Ophir Energy today said it would capitalise on the low cost environment by restarting its drilling campaign.
The company posted a pre-tax loss of $70million for the first half of the year. Its revenue totalled $52million – down from last year’s $86million. Its net cash is $207million – a significant drop on last year’s $392million.
Chief executive Nick Cooper said: “Ophir’s strategy is to be a sustainable explorer, focussed on delivering NAV per share growth by finding (securing) resources at low cost and then monetising them in the way that maximises the price achieved.
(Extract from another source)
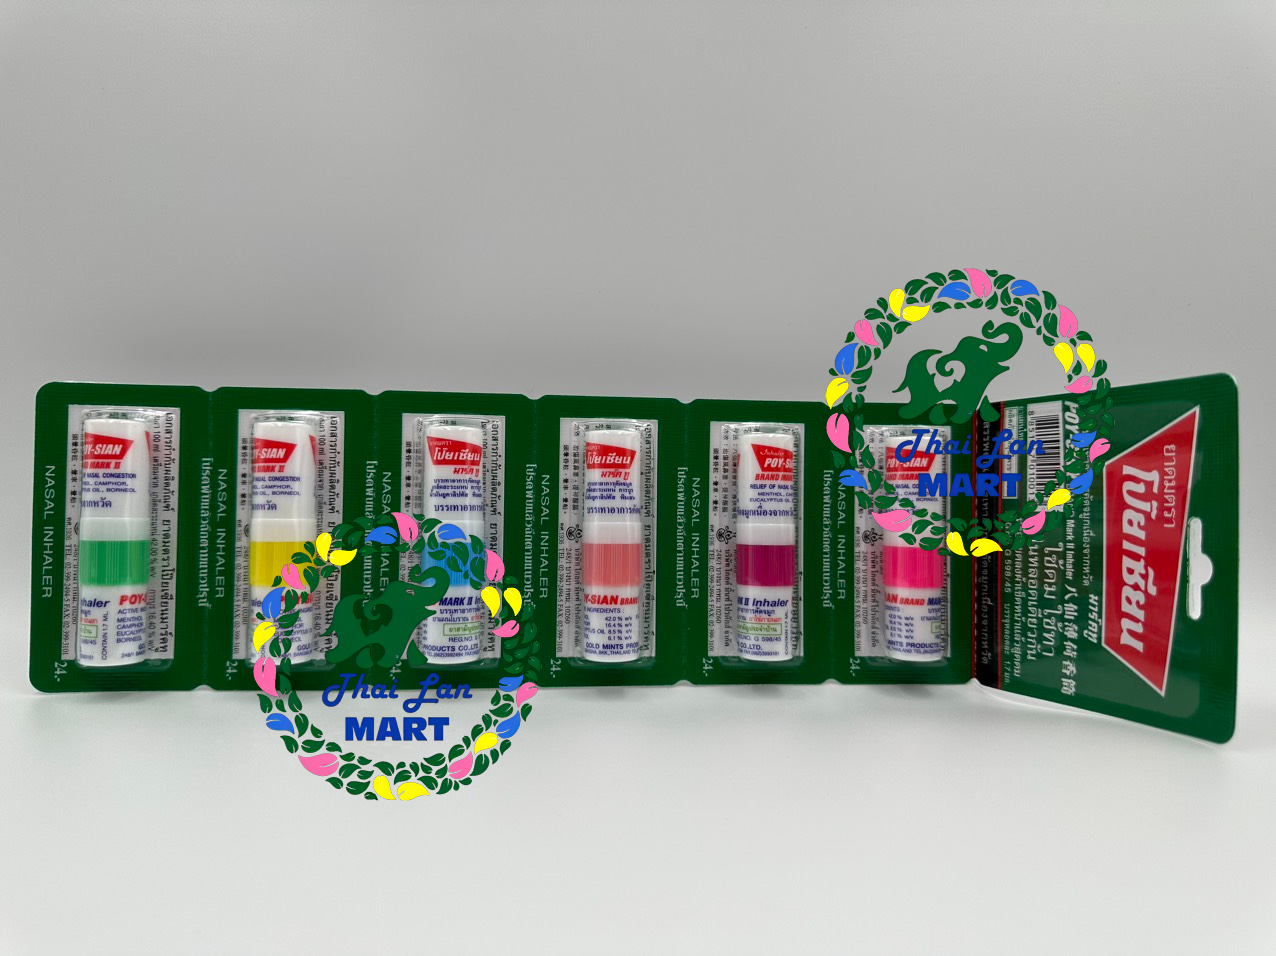  6 ống hít inhaler poy sian giúp thông mũi hàng nội địa chính hãng thái lan 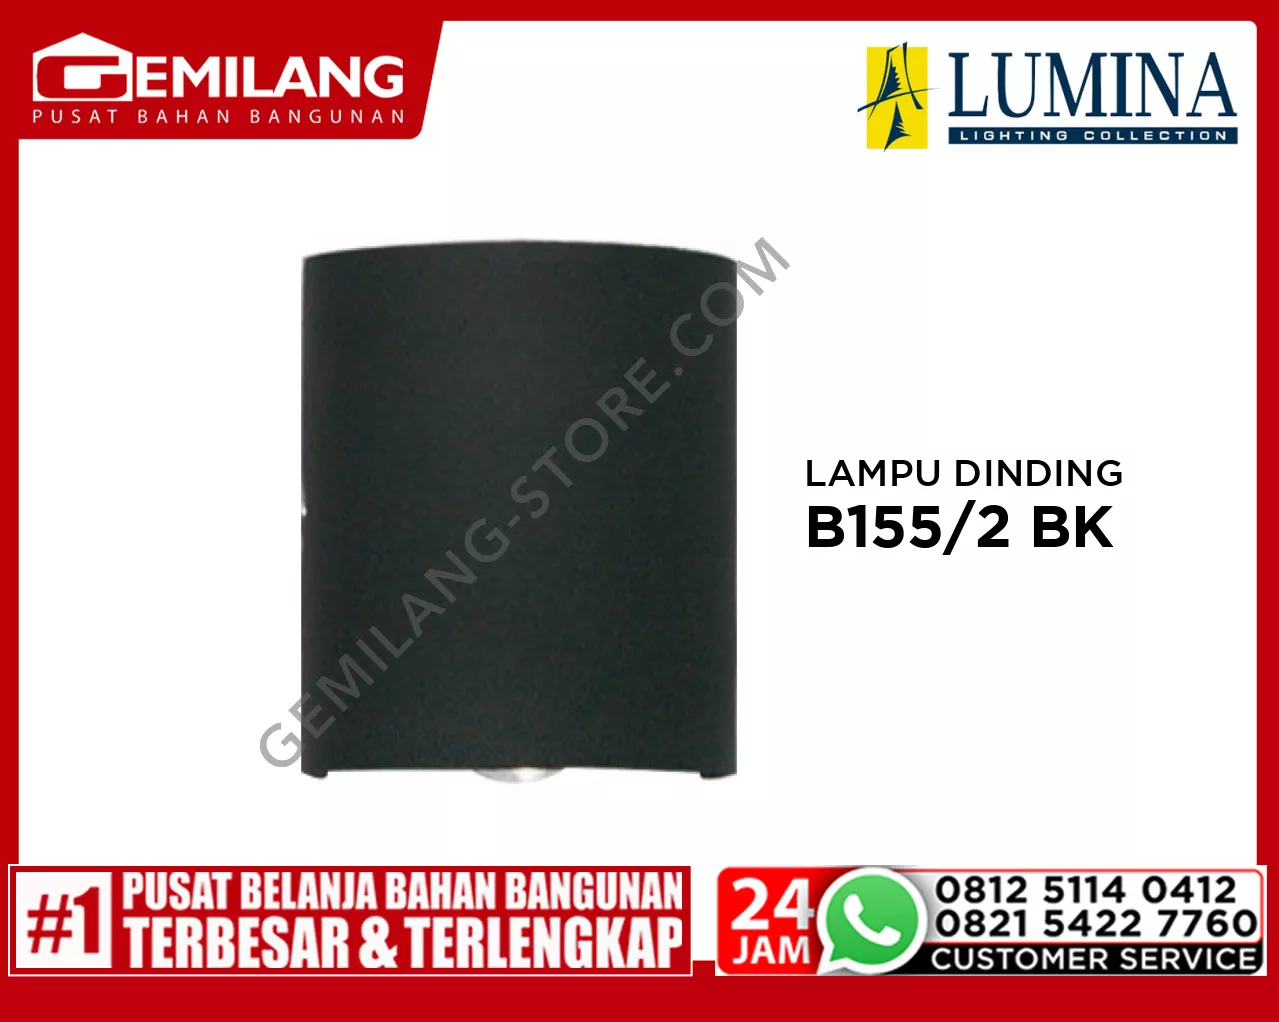 LAMPU DINDING B155/2 BK-6400K

“Ophir’s financial strength and the discretionary nature of the capital spend across our portfolio provides Ophir with optionality to selectively invest in organic, and inorganic, opportunities that offer the best project returns and therefore the greatest growth in NAV per share.
“Having spent two years high-grading our exploration portfolio, we are now preparing to return to a considered, prudent pace of exploration drilling from late 2016 to take advantage of the significantly lower exploration costs, while continuing to focus on monetising our previous exploration successes.
“In Equatorial Guinea, Fortuna is now a low cost upstream project, ‘technically ready’ for FID and we are constructing a value chain that offers potentially the most cost-effective greenfield LNG supply available today. Ophir will progress the monetisation of Fortuna in a way that protects Ophir’s balance sheet, that actively manages our exposure to development risk, and that maximises NAV per share.
“Ophir’s cash flow and net cash position provide sufficient funding to make discretionary investments across the portfolio. Our cost rationalisation programmes have delivered substantial savings in ‘running costs’ and these efforts continue, thereby minimising NAV per share erosion and maximising shareholder returns.”